Why Does Progress Against ISIS in Iraq and Syria Feel Like Defeat?

Why Does Progress Against ISIS in Iraq and Syria Feel Like Defeat?
Iraqi security forces advance during the fight against Islamic State militants, Fallujah, Iraq, June 15, 2016 (AP photo by Anmar Khalil).

In the summer of 2014, the Obama administration found itself between a rock and a hard place. The Islamic State had just swept through northern Iraq, decimating the American-trained Iraqi army left to keep the peace after the U.S. withdrawal. Islamic State foot soldiers executed Iraqi troops and commandeered their American weapons, growing stronger and better equipped as they passed through each town.The U.S. had few options to counter the Islamic State’s rise. Having just vacated Iraq in 2010, any thoughts of a massive military deployment returning to the Middle East to win back Sunni “hearts and minds” would not be palatable. All previous Sunni Awakening partners from the U.S. surge in Iraq had found new suitors. Disenfranchised by a Shiite-dominated central government in Baghdad increasingly aligned with Iran, some embittered Iraqi Sunnis saw the Islamic State as a more appealing option than the status quo.

The U.S. chose an alternative plan: build an international coalition bringing together targeted airstrikes with special operations liaisons embedded in proxy forces.

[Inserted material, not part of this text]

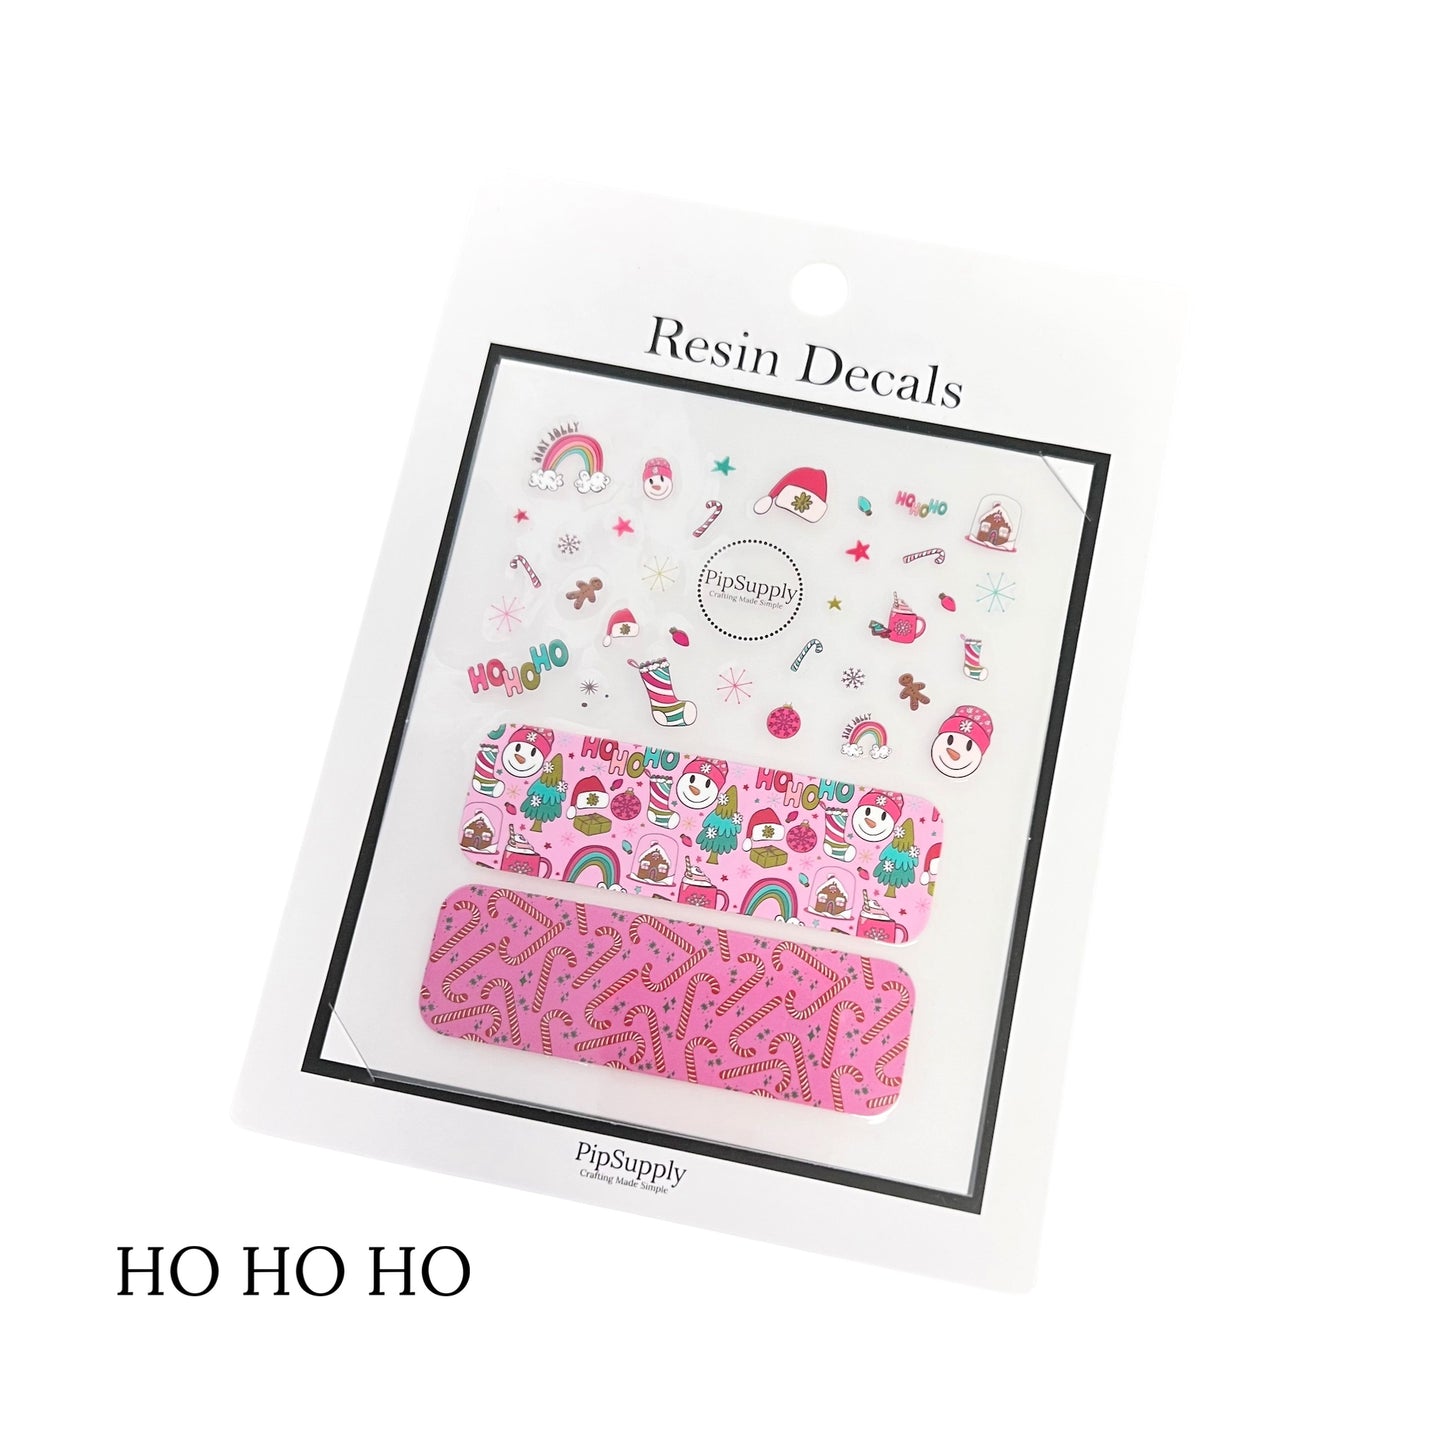 HO HO HO | The Peachy Dot | Resin Decals

Despite setbacks and missteps, this strategy has slowly rolled back the Islamic State. Just last week, the Iraqi army reclaimed Fallujah, which the Islamic State took over in early 2014. U.S.-backed forces in Syria have also surrounded the Islamic State in Manbij, while Kurdish forces—the shining stars of the international coalition—sit within sight of the Islamic State’s capital of Raqqa. But while progress against the Islamic State has been steady, it has also been slow—too slow for many as they watch the group’s seemingly unending atrocities.